La figura del muchacho es el primer objeto de la curiosidad y, a la vez, el punto de partida del proceso de la
interpretación y ficcionalización de la escena observada. La desigualdad de la pareja, por la diferencia de edad entre
ellos, da cierta ambigüedad a la situación y, también, da paso al análisis profundo de la conducta del chico. Su
nerviosismo, miedo y vergüenza están descritos por clichés, mediante gestos manidos, literariamente desgastados.
El fotógrafo, por puro aburrimiento, intenta adivinar qué tipo de relación habrá entre el joven y la mujer y, por eso,
empieza a observarlos. La intercalación del presente de la narración es doblemente interesante. Primero, afirmar
que la intercalación, vista desde la memoria, tiene una imagen mucho más precisa sobre la mujer que en el
momento de verla en realidad es bastante dudoso, a causa del filtro del recuerdo. Además, usa la expresión «le leí
la cara» (298), que hace de la observación una lectura que conlleva necesariamente la interpretación. En cuanto a
la mujer, el elemento más destacado reiteradamente son sus ojos, siempre un poco asustados de ver al fotógrafo,
al mirón. Observar a una pareja así, en secreto, es un acto moralmente cuestionable y tiene cierto contenido
sexual, de carácter prohibido y vicioso. El narrador acentúa que no se oye lo que hablan, y dice: «el viento se
llevaba las palabras» (299), una frase bastante cursi, que es, además, una autocontradicción, porque antes dijo
que ya no soplaba el viento. Pero así el protagonista tiene la oportunidad de llenar la escena con un contenido
según su fantasía: «comprendí vagamente lo que podía estar ocurriéndole al chico» (299). Las suposiciones son
vagas, muy inseguras, variantes para un tema, siempre basadas en un solo sentido: la mirada.

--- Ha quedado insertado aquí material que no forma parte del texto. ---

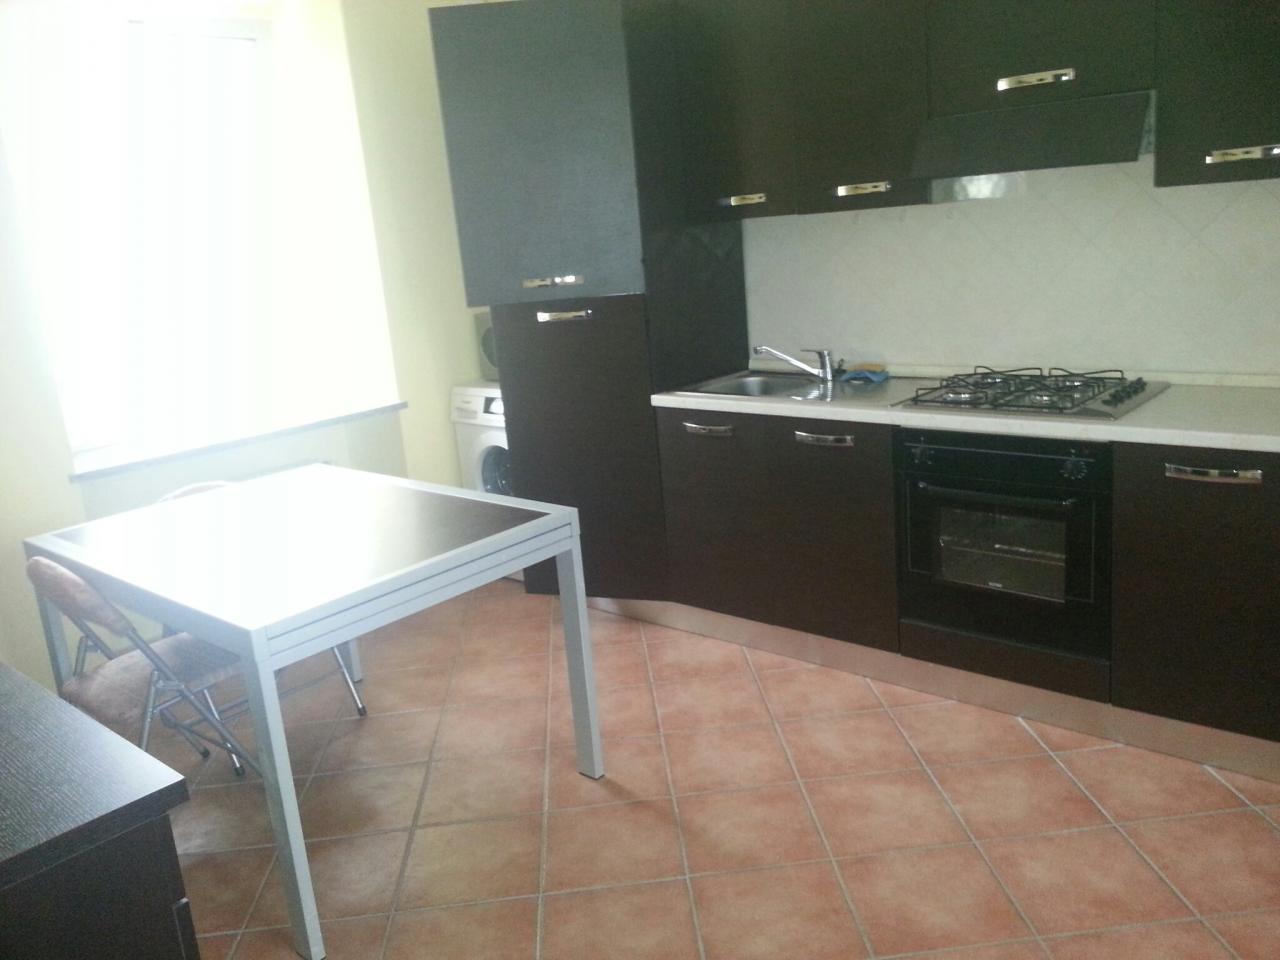 Appartamento in affitto a Casale Monferrato, 2 locali, zona Località: SanGermano, prezzo € 320 | CambioCasa.it
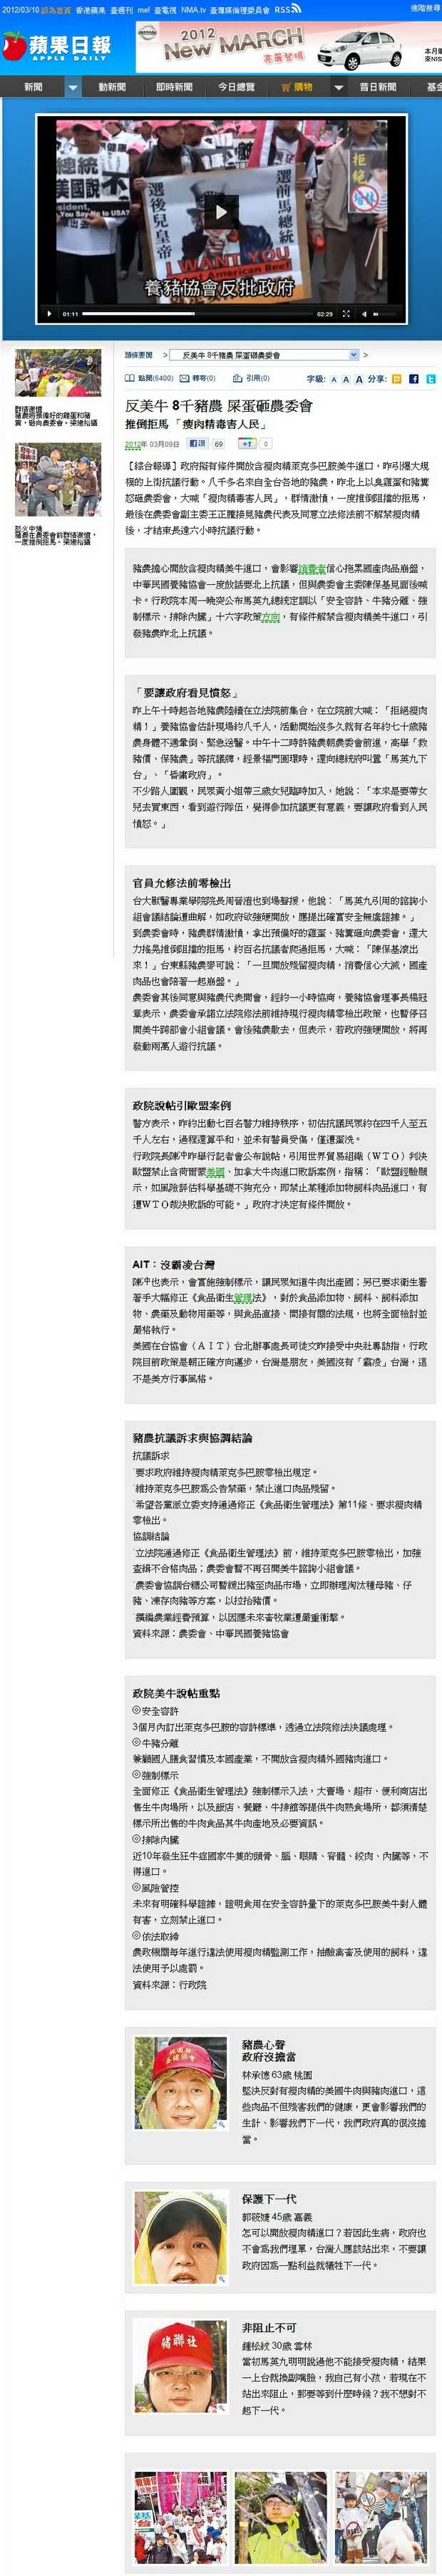 反美牛 8千豬農 屎蛋砸農委會-2012.03.10

«Sé mirar», dice el fotógrafo-narrador, y «todo mirar rezuma falsedad» (299), prosigue. Saber mirar supone una
actividad mental, una serie de elecciones (del punto de vista, del objeto, de la distancia, del enfoque, etc.), es
decir, una transformación consciente de la realidad. Es un acto conscientemente subjetivo, reflexivo y nada ingenuo
que tiene que desnudar las cosas de lo ajeno, pero ¿qué pasa si no queda nada al final del proceso? ¿Cómo se
reconocen los límites de lo ajeno y lo propio? Un cambio de persona en la voz narrativa frena la divagación: aparece
un narrador externo, en tercera persona, que llama Michel al narrador en primera persona, pero la descripción de
los dos personajes de la foto sigue en primera persona. Dice que del chico recuerda mejor la imagen y de la mujer,
el cuerpo. Es la dualidad que reside entre la foto y la realidad, las dos cosas recordadas, porque ninguna existe ya
en el momento de narrar. Las anticipaciones son continuas y cortan repetidamente la narración, dificultando la
comprensión de la historia propiamente dicha. El narrador acentúa lo fallido que es la descripción de la mujer por la
incapacidad de las palabras y le quita la validez de cada adjetivo, apenas haberlos usado. Del proceso de la
descripción dice que le sirve para entender, es decir, su intención es más bien interpretar, otra vez, y no crear.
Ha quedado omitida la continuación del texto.